• What are Resilent bars and what do they do?

    Posted on by Russell Gannon

    Resilient Bars are used to virtually decouple a wall or ceiling from the main structure to reduce vibration and impact noise. They are suitable for use in refurbishments and new build constructions; particularly in timber frame structures and suitable for use on the underside of timber and metal joisted construction at 600mm or 450mm centres. They can also be used to separate timber and metal studwork or masonry walls.

    Resilient Bars are thin vibration absorbing steel channels which are used on timber studs for walls and fixed beneath timber joists for ceilings. This solution is designed to create a 30mm void within the construction which optimises acoustic performance by reducing sound transmission through ceiling and wall structures. This allows the new wall or ceiling to be de-coupled from the main structure and will reduce both vibration and impact noise penetration.

    Resilient Bar for Ceilings

    Resilient Bars are essential for bringing suspended timber floors into compliance with Building Regulations Part E (England and Wales), Section 5 (Scotland) and Part G (Northern Ireland) by achieving noise control through converted separating floors for flats. When used in connection with other sound insulating materials, the resilient bars will create an effective acoustic break between the bottom of existing joists and ceilings.

    Alternatively, Noise Reducing Resilient Bars can be supported by 50mm square battens screwed to the underside of any existing ceiling. The fitting of the Bars along with a double layer of 12.5mm acoustic plasterboard will achieve around 11dB improvement. Combined with our 100mm Rockwwool Flexi-Slab between the joists and a double layer of 12.5mm Acoustic Plasterboard, this sound reduction solution would achieve a 16dB improvement.

    Resilient Bars used with Acoustic Plasterboard

    Acoustic plasterboard can be screwed to the corrugated section of the Resilient Bar using self-drilling screws. For optimised acoustic performance, two layers of 25mm thickness (minimum) should be installed. Using 50mm of Rockwoll Flexi-Slab would further enhance the acoustic performance when installed between the battens before fixing the acoustic plasterboard.
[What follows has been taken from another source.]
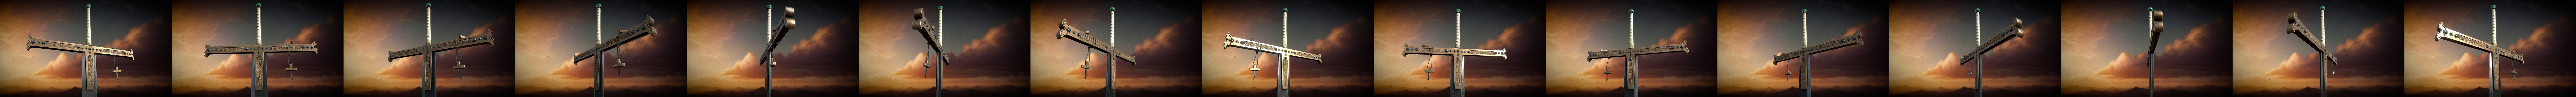 Yoru - Mihawk's sword - 3D model by Baddier (@baddier.1310

    When installed beneath an existing ceiling with Flexi-Slab and 30mm of plasterboard, expected improvements in both airborne noise and impact sound would achieve 300% improvement and can be further enhanced if SoundBlocker Membrane is applied between the acoustic plasterboard layers.

    Resilient Bars for Walls

    Resilient Bar systems are used to help reduce noise transmission between wall structures. Resilient Bars are also recommended to upgrade party walls; particularly effective at reducing loud music or bass sound. Ideally you would build a new stud batten frame spaced about 25mm away from the existing wall.

    This would create a sealed air gap between the new wall and the existing one. Fill in between the studs with Rockwool Flexi-Slab and it does not matter if the wool comes into contact with the existing wall. This is loose fitted and should not be installed too tightly. Screw the Resilient Bars onto the frame horizontally using self-drilling screws followed by a layer of 12.5 mm Acoustic Plasterboard.

    We recommend using a layer of Soundproof Matting bonded to the first layer of plasterboard with our contact adhesive.

    To finish the application, add a final layer of acoustic plasterboard. You need to make sure that both layers of plasterboard do not touch the surrounding walls, floor or ceiling. Fill in the small gap with flexible non-hardening acoustic sealant and then your whole system will be independent and floating on the bars.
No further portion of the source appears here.